* [WHAT YOU SHOULD DO]:
Could you retype the whole listing word for word and drop the images?

* [COLLECTED DATA]:
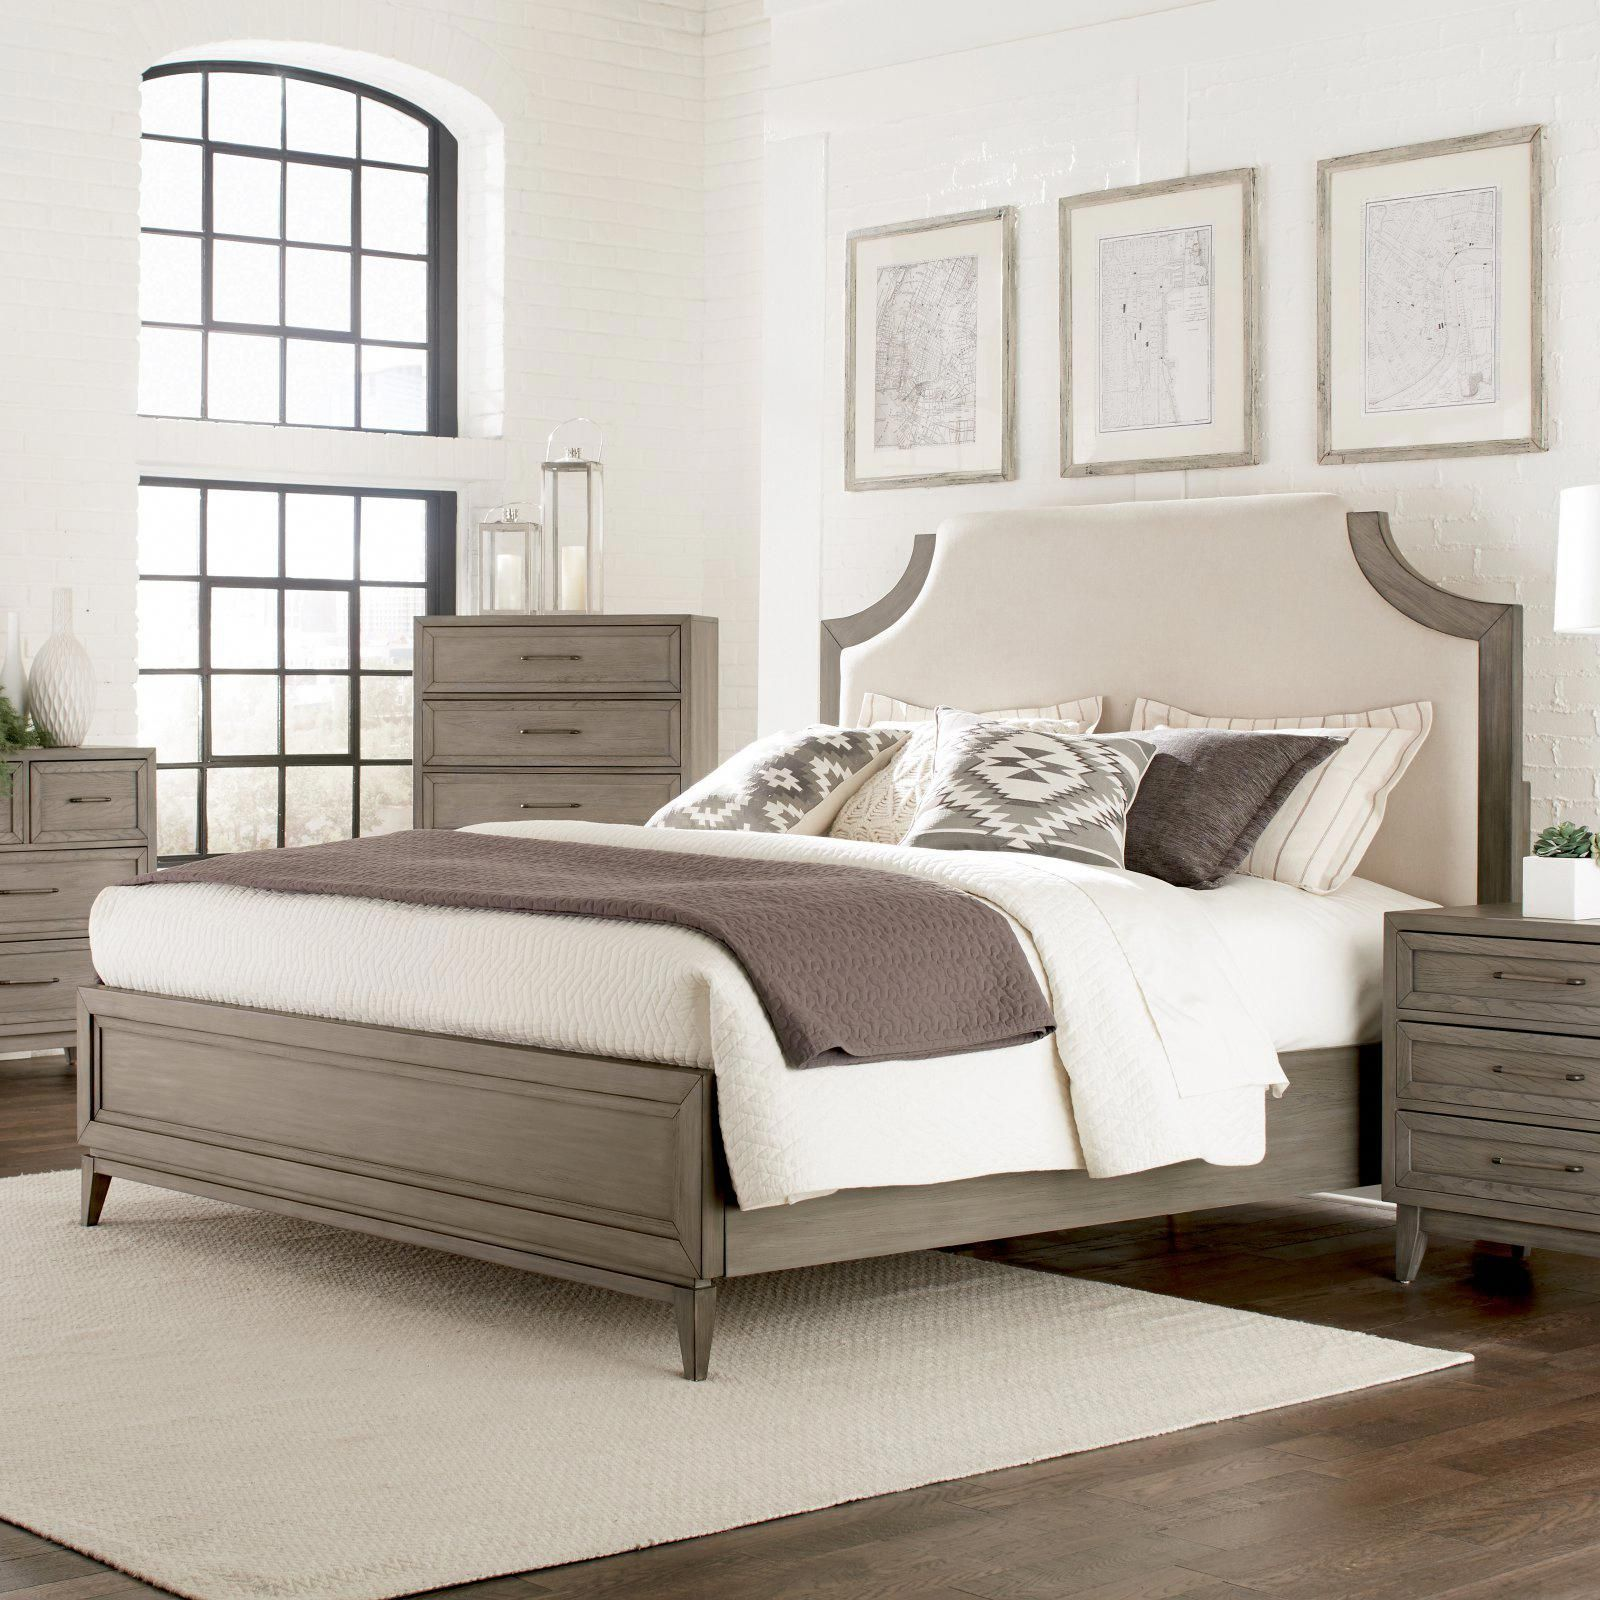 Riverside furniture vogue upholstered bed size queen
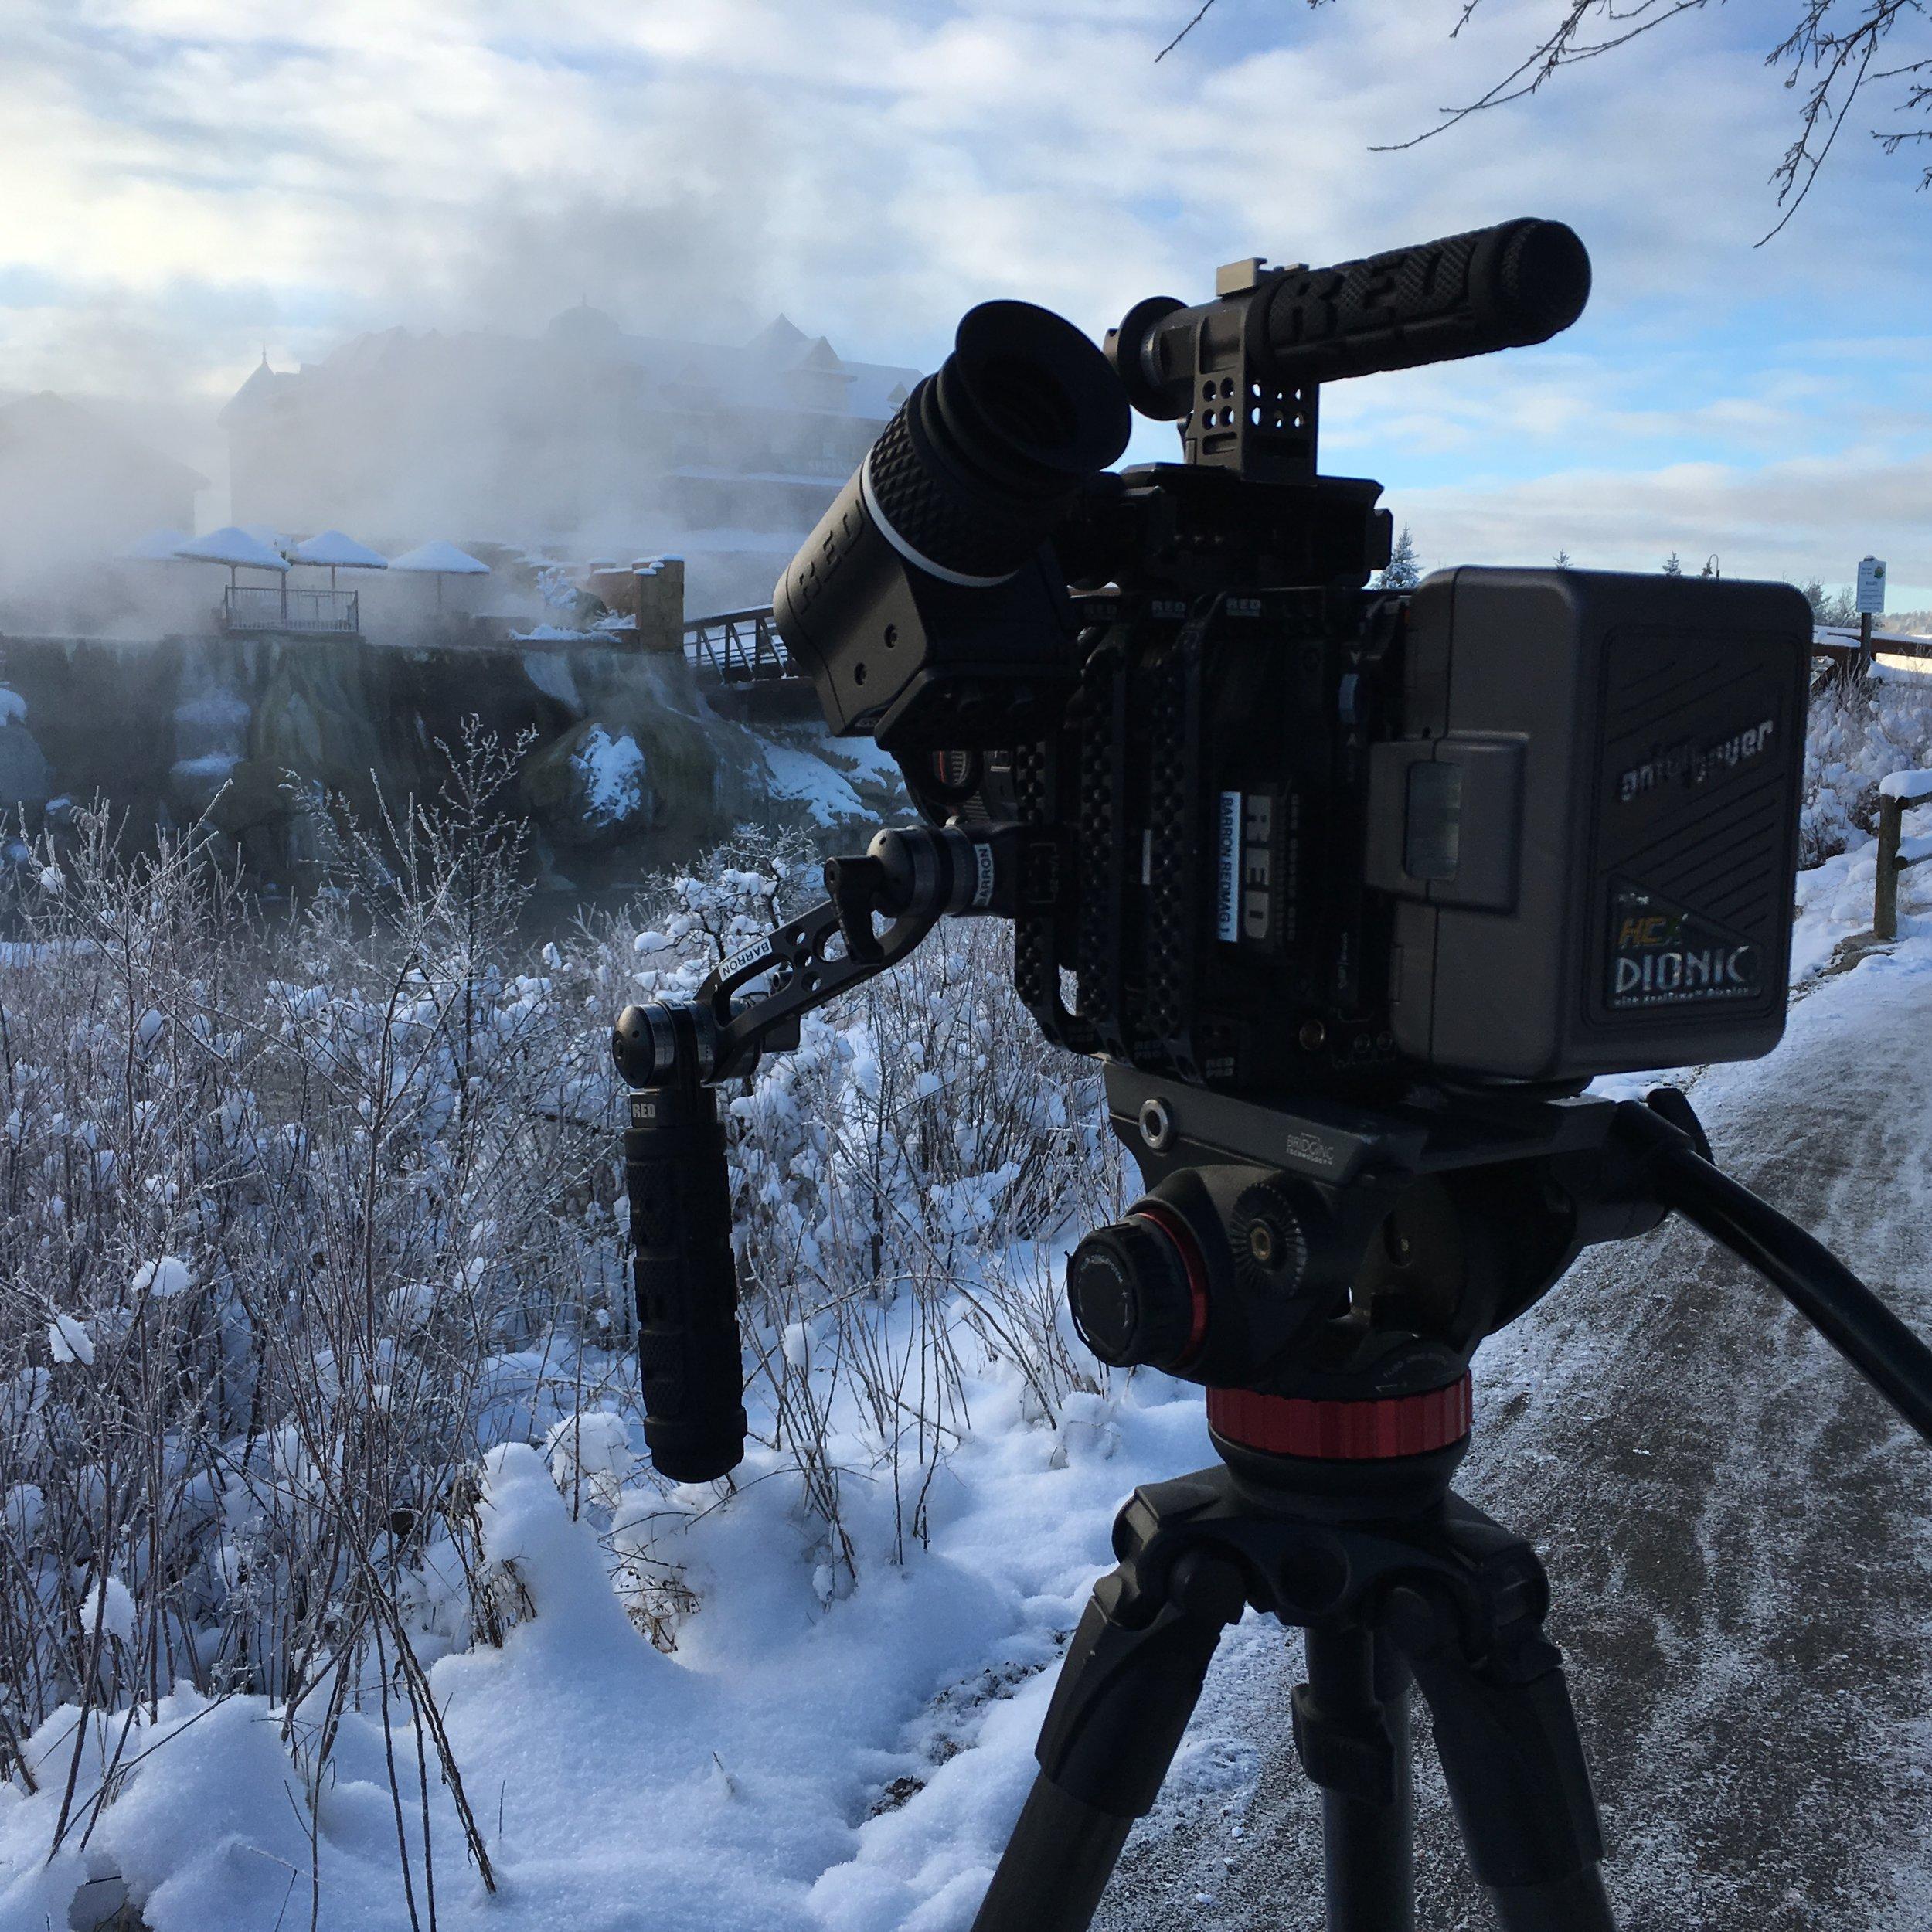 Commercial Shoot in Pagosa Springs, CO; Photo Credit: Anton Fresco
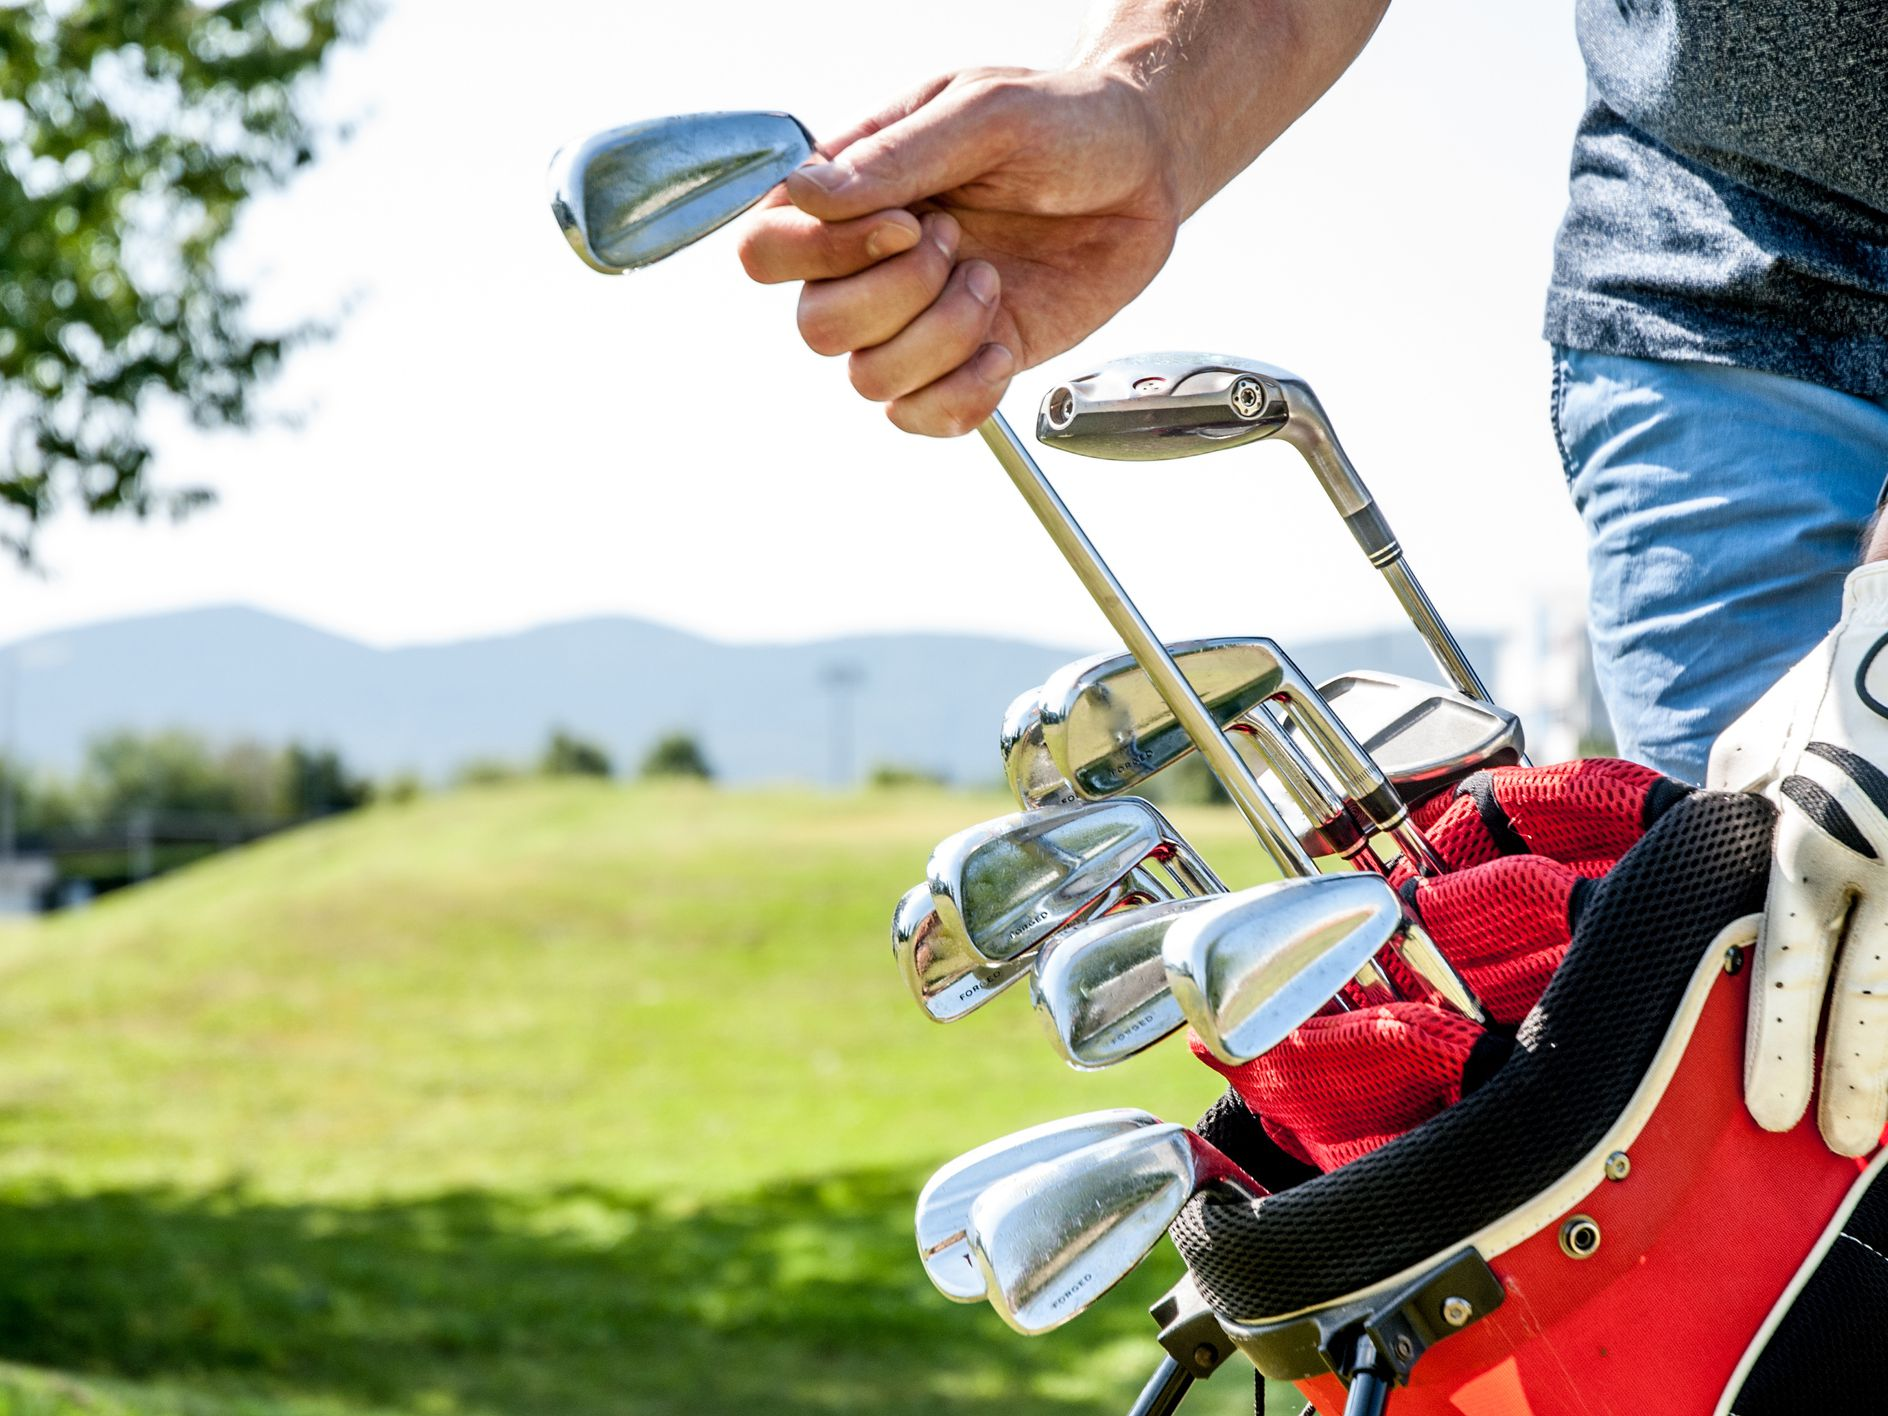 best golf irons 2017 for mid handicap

* [ANSWER SECTION]:
 Riverside furniture vogue upholstered bed size queen
 Commercial Shoot in Pagosa Springs, CO; Photo Credit: Anton Fresco
 best golf irons 2017 for mid handicap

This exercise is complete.